Негр-официант что-то сказал Мэлону, но тот, высокомерно отмахнувшись, подвинул стул поближе к Пегги и обнял девушку за плечи. Официант тронул Мэлона за руку. Привстав, Мэлон быстро повернулся и с такой силой ткнул официанта под нос тыльной стороной ладони, что тот запрокинул голову. Макэлпин был уже совсем недалеко. Но прежде чем он смог пробиться сквозь толпу, с эстрады спрыгнул Уилсон и мгновенно оказался у их столика, хотя не бежал, а просто шел деловитой и скорой походкой, нахмуренный, мрачный. Схватив Мэлона, он рывком оттащил его от девушки. Чувствовалось, что он знает, как взяться за дело. Быстрый удар слева в голову заставил Мэлона пошатнуться. Нанеся удар, Уилсон замер, слегка пригнувшись, как настоящий боксер. Мэлон тоже встал в стойку. Что-то ужасно нелепое было в этой грузной фигуре, застывшей в старомодной боксерской стойке — левая рука выдвинута вперед, спина напряжена. Уилсон сделал выпад, провел три сильных удара слева и сбил противника с ног.
Их уже окружала плотная толпа людей, вскочивших из-за соседних столиков, и Макэлпину не удавалось сквозь нее пробиться.
— Пегги! — громко крикнул он.
Но она, растерянная, испуганная, продолжала стоять на прежнем месте. Между тем Мэлон, поднявшись на ноги, сам перешел в нападение. В двух шагах от него оказался официант, которого он стукнул по носу. Официант рвался в драку, но его удерживал метрдотель. Не обращая внимания на Уилсона, Мэлон изо всех сил ударил официанта в глаз. Стало очень тихо. Никто не двигался. Все ждали. Страшная минута, мерещившаяся Макэлпину еще с тех пор, как он впервые побывал здесь, наступила. Охваченный каким-то странным восторгом, он весь подобрался, готовый броситься на помощь к Пегги, но пока что сдерживал себя, понимая, как опасно нарушить эту тишину. Ведь сделай он резкое движение, толкни кого-нибудь, и прорвется эта туго натянутая тишина. Пегги нужно было увести незаметно.

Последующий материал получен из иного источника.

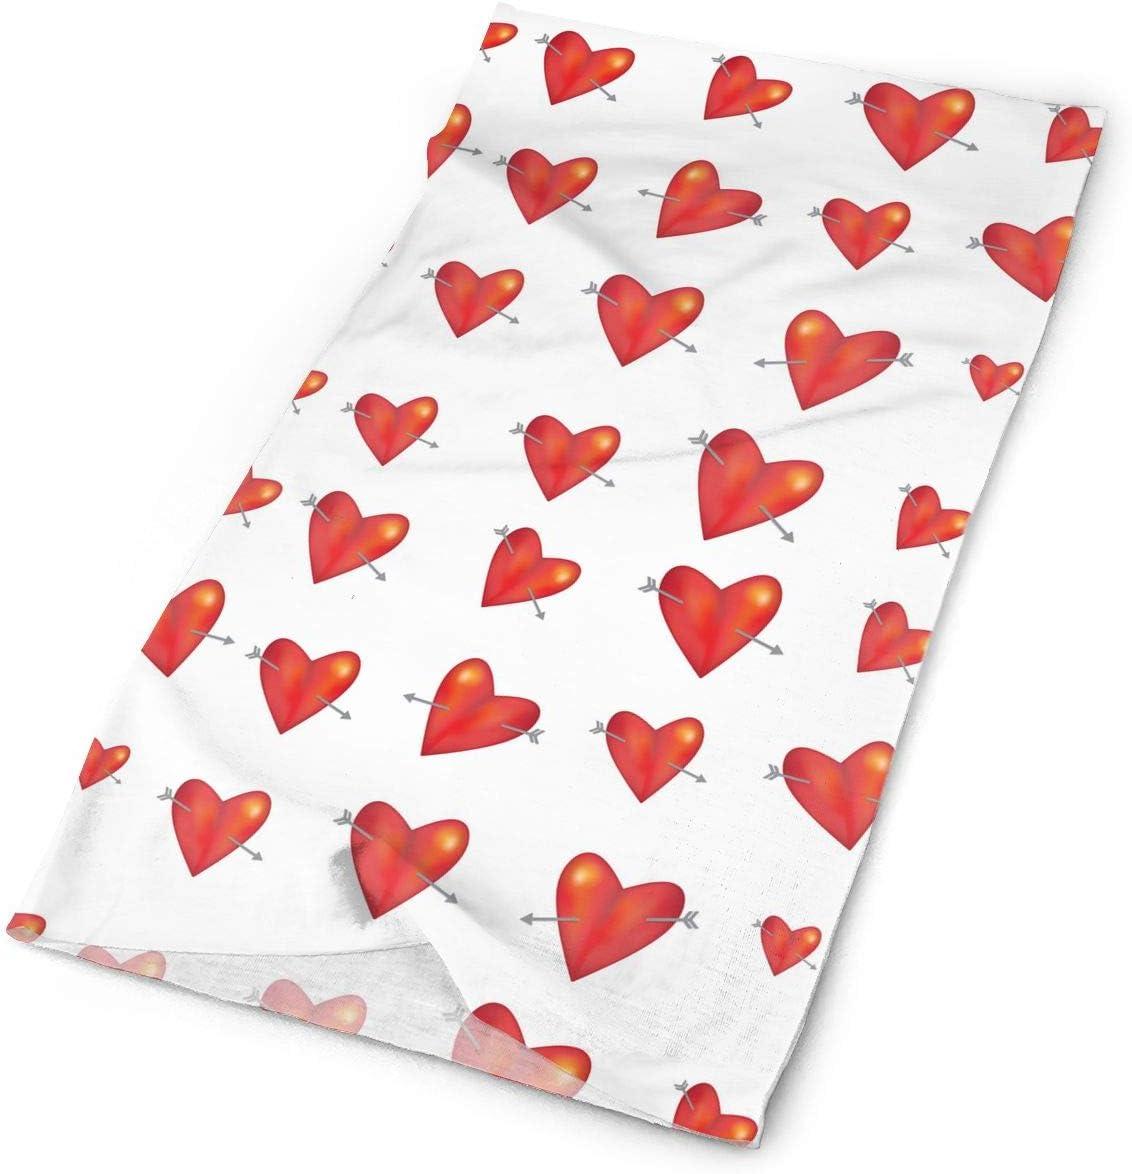 LCZ Magic Headwear Red Arrow Love Heart Candy Scarf Headbands Bandana Mask Neck Gaiter Head Wrap Mask Sweatband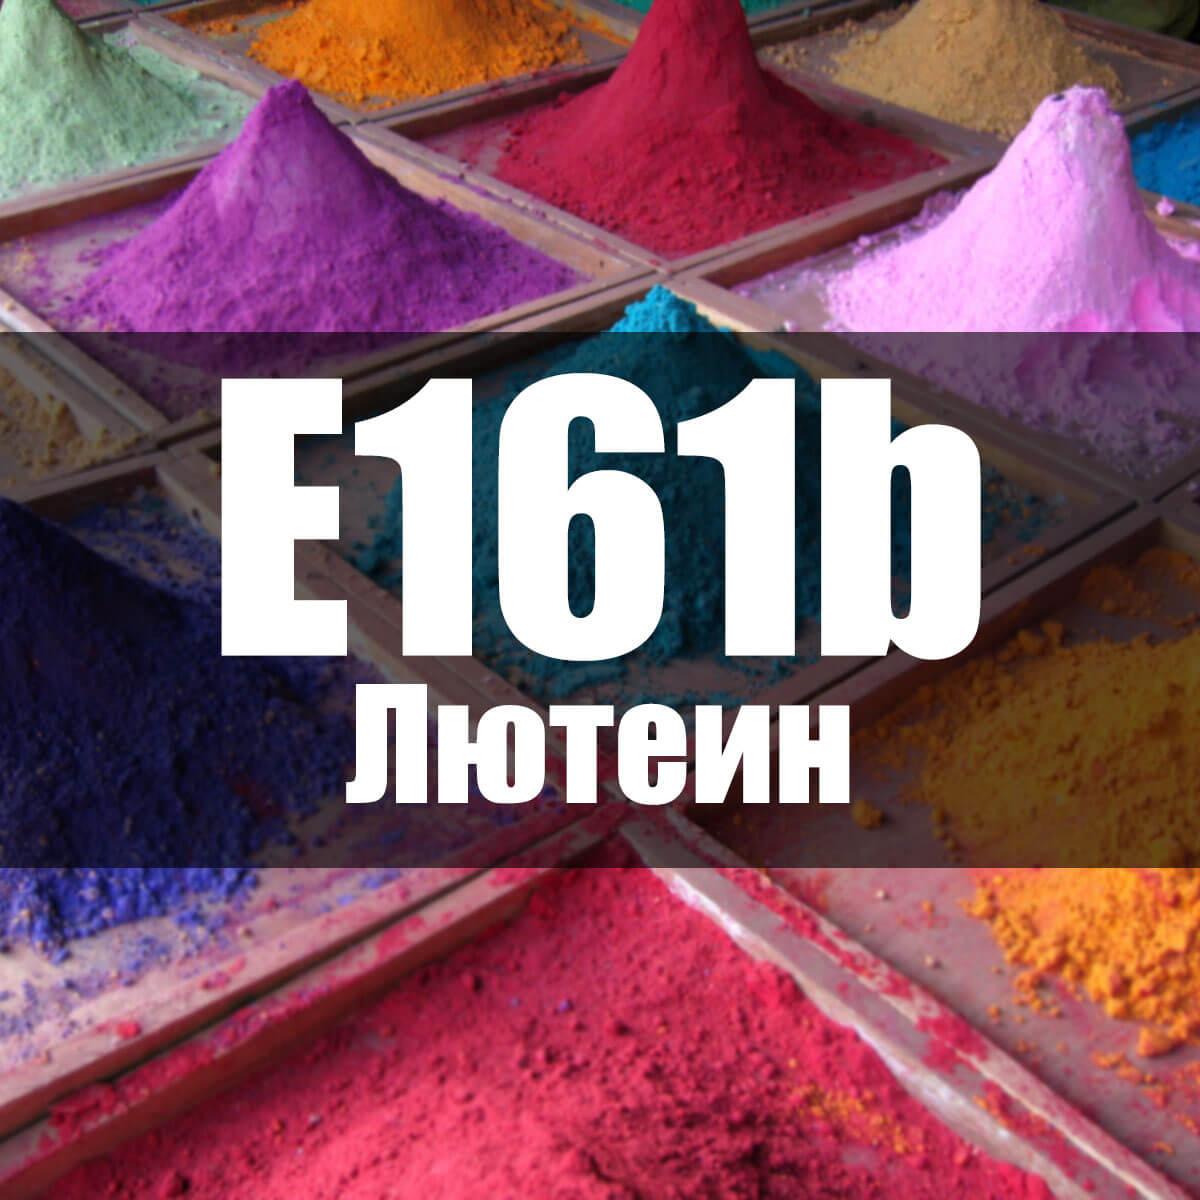 Лютеин (Е161b): история, польза, вред

Уэгстафф, застывший в испуге на эстраде, повернулся спиной к залу, взял рожок и заиграл. Остальные музыканты сразу вернулись на свои места и разобрали инструменты. Уэгстафф исполнял собственную вариацию на темы сент-луисских блюзов, и никогда еще его рожок не творил таких чудес. Угадав его намерение, некоторые посетители вернулись на свои места и зааплодировали. Кольцо людей, окружавших Мэлона, Пегги и двух негров, зашевелилось и начало распадаться.
Негр-официант сердито ругался с метрдотелем, который отталкивал его от места схватки, Мэлон вытирал разбитые в кровь губы, Уилсон спорил с женой. А в центре образованного всеми этими людьми полукруга стояла Пегги. Она так перепугалась, что не могла из него выбраться, даже пошелохнуться не могла, только смотрела вокруг жалобно и умоляюще. Юноша негр, худой, с печальным лицом и блестящими волосами, протянул к ней руки.
— Пегги, иди к нам, — позвал он. — Оставь их, девочка.
— Да не суйся ты, черномазая свинья, — заревел Мэлон и харкнул красной от крови слюной в лицо юноши.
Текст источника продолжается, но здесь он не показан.